# Work instructions
Below are some records. Retype exactly the lines from the one containing "Black Grunge Rough" through the one containing "Infektiöse Enzephalitis Tick", both included, skipping every picture.

# Exercise data
□ □ □

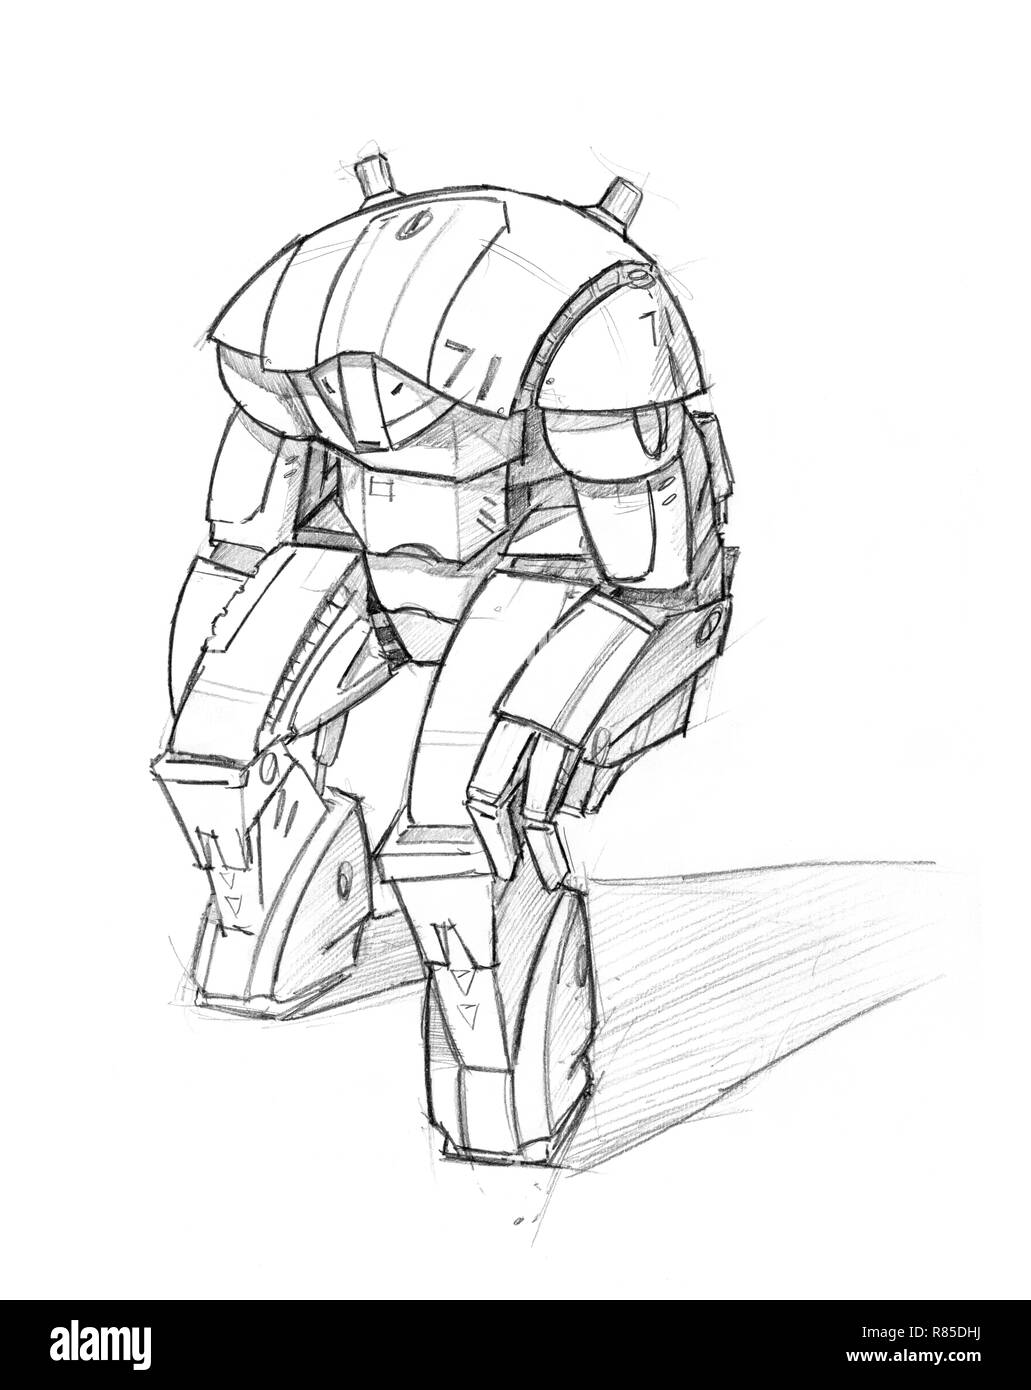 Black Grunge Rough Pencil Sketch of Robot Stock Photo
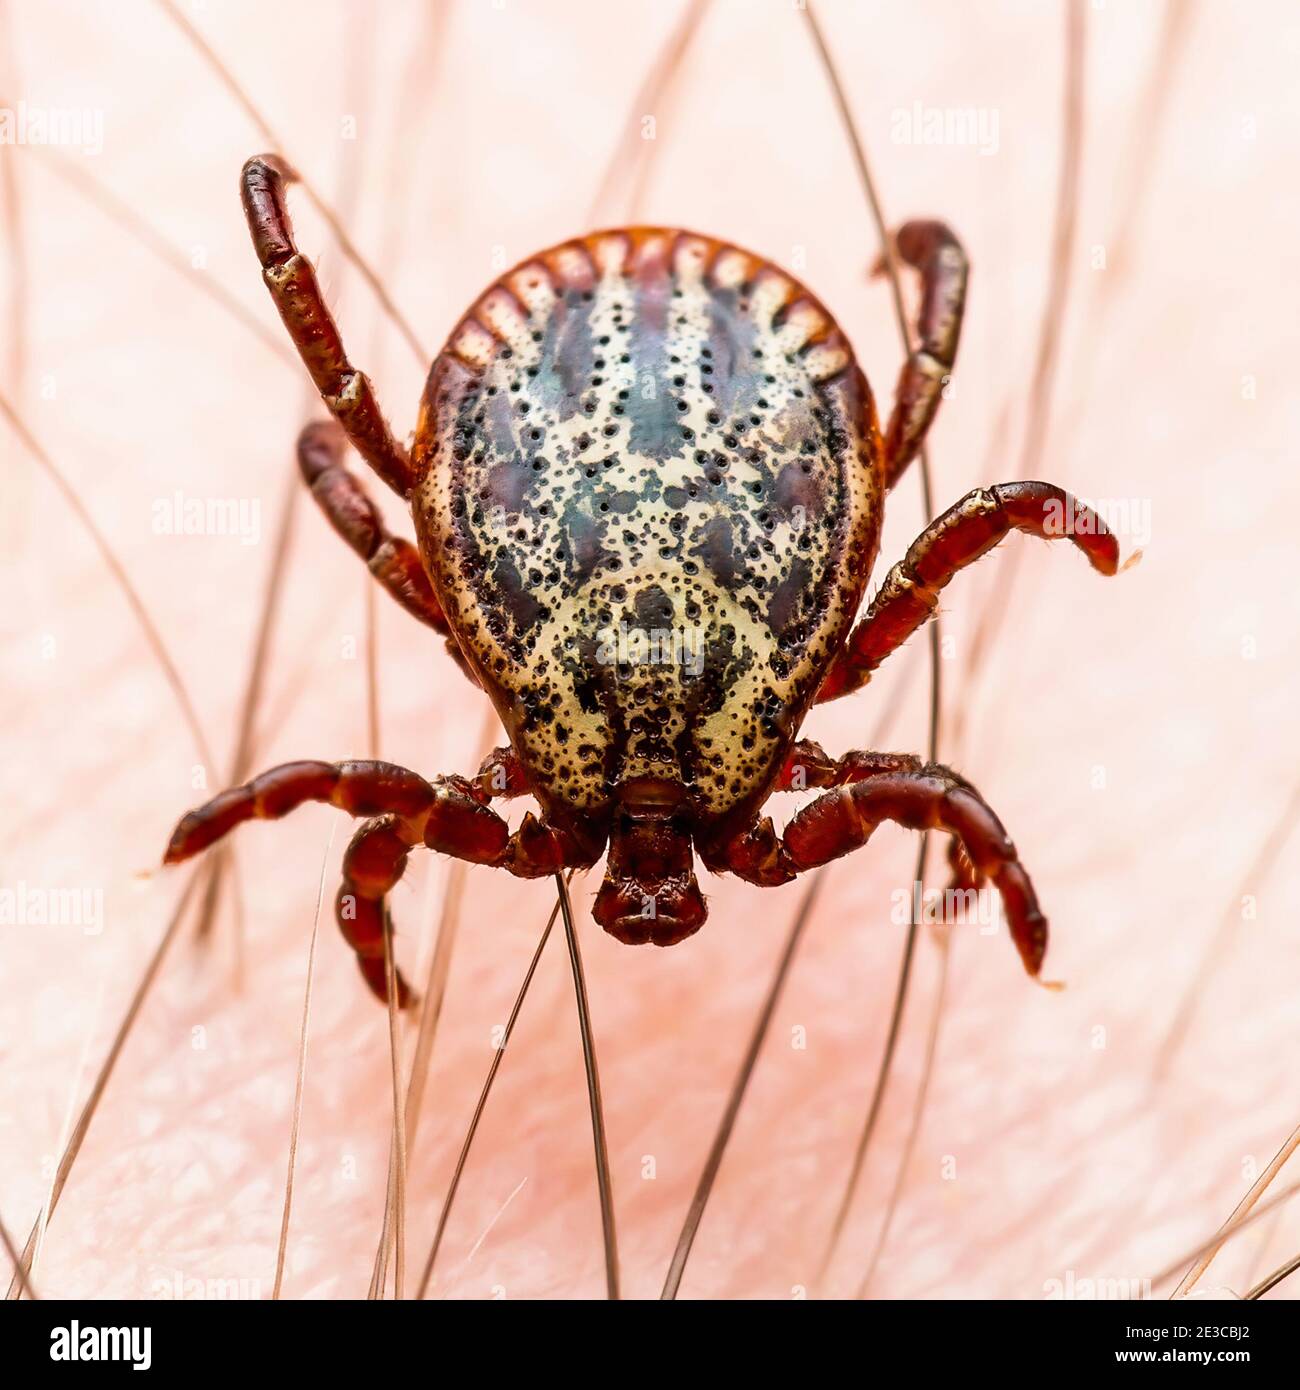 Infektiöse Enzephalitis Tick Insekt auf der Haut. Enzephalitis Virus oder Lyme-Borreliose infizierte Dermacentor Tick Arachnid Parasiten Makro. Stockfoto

□ □ □

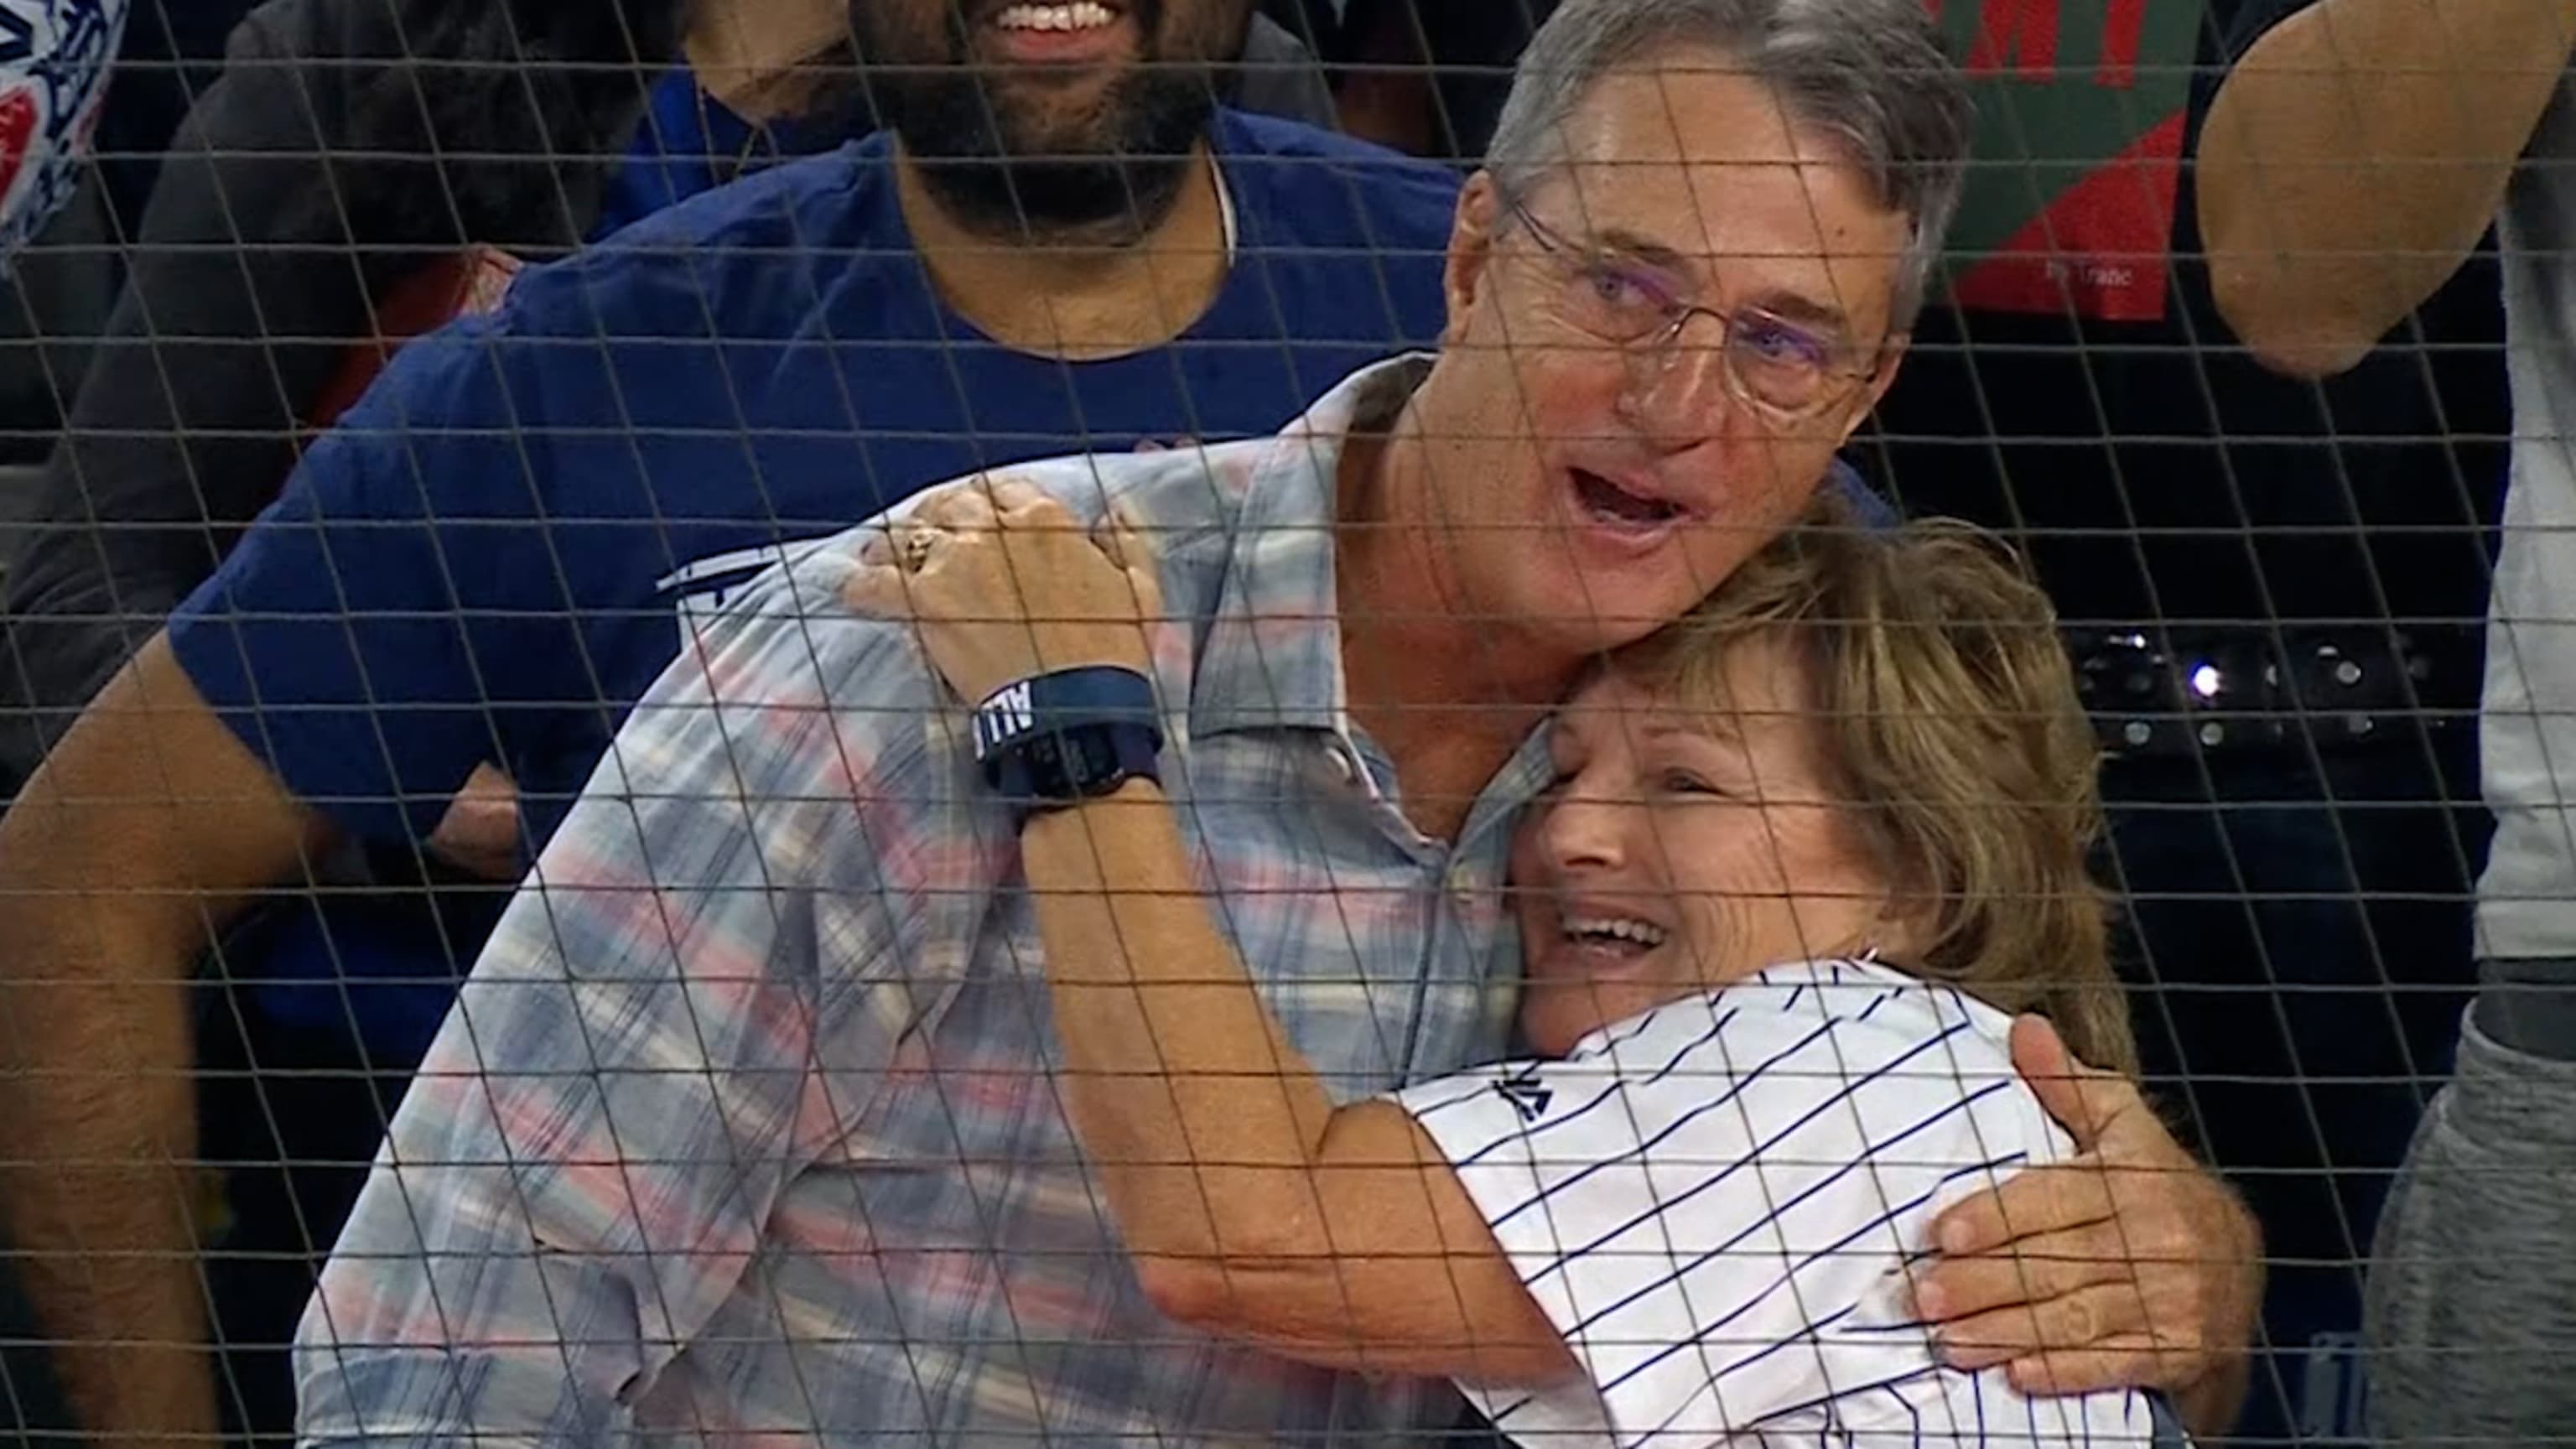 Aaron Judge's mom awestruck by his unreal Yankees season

□ □ □

# Exercise output
 Black Grunge Rough Pencil Sketch of Robot Stock Photo
 Infektiöse Enzephalitis Tick Insekt auf der Haut. Enzephalitis Virus oder Lyme-Borreliose infizierte Dermacentor Tick Arachnid Parasiten Makro. Stockfoto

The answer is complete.